#### Exercise prompt:
Go through the entries below and pick out every line with "Cartouche".

#### Data records:
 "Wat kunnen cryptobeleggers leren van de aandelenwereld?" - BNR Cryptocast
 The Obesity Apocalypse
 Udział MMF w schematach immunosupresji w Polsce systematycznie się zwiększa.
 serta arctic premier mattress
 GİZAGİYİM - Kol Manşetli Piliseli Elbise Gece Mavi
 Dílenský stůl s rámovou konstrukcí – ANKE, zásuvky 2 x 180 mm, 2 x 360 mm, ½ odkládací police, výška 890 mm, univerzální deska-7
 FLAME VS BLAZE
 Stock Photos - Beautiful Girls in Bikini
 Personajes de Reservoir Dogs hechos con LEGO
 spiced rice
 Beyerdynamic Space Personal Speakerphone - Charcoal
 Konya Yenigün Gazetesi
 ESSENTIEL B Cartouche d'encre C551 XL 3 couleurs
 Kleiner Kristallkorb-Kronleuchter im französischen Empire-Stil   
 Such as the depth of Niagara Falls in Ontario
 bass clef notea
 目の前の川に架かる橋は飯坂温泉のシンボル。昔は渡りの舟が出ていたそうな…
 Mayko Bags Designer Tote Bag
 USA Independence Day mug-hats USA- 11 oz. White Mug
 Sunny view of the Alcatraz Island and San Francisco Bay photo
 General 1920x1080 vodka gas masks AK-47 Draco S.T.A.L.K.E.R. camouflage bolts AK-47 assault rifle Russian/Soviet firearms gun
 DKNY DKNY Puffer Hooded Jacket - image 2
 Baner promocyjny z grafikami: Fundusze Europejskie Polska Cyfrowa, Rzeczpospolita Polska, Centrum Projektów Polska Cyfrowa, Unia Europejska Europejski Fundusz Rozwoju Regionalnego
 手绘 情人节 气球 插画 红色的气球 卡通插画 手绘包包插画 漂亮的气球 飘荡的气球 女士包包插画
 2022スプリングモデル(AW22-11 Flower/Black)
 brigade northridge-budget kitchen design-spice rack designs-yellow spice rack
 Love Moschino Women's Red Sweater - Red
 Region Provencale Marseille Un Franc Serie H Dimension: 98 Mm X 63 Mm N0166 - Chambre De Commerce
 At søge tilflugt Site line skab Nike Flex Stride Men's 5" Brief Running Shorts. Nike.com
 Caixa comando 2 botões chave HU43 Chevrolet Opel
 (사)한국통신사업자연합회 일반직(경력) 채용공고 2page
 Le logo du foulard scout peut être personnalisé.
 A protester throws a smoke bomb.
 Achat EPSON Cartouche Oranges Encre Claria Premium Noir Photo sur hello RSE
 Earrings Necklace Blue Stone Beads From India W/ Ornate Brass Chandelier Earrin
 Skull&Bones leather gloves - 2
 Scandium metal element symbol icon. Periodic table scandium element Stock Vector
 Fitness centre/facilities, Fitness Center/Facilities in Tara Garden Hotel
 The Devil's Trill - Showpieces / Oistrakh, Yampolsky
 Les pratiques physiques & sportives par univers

#### Exercise solution:
 ESSENTIEL B Cartouche d'encre C551 XL 3 couleurs
 Achat EPSON Cartouche Oranges Encre Claria Premium Noir Photo sur hello RSE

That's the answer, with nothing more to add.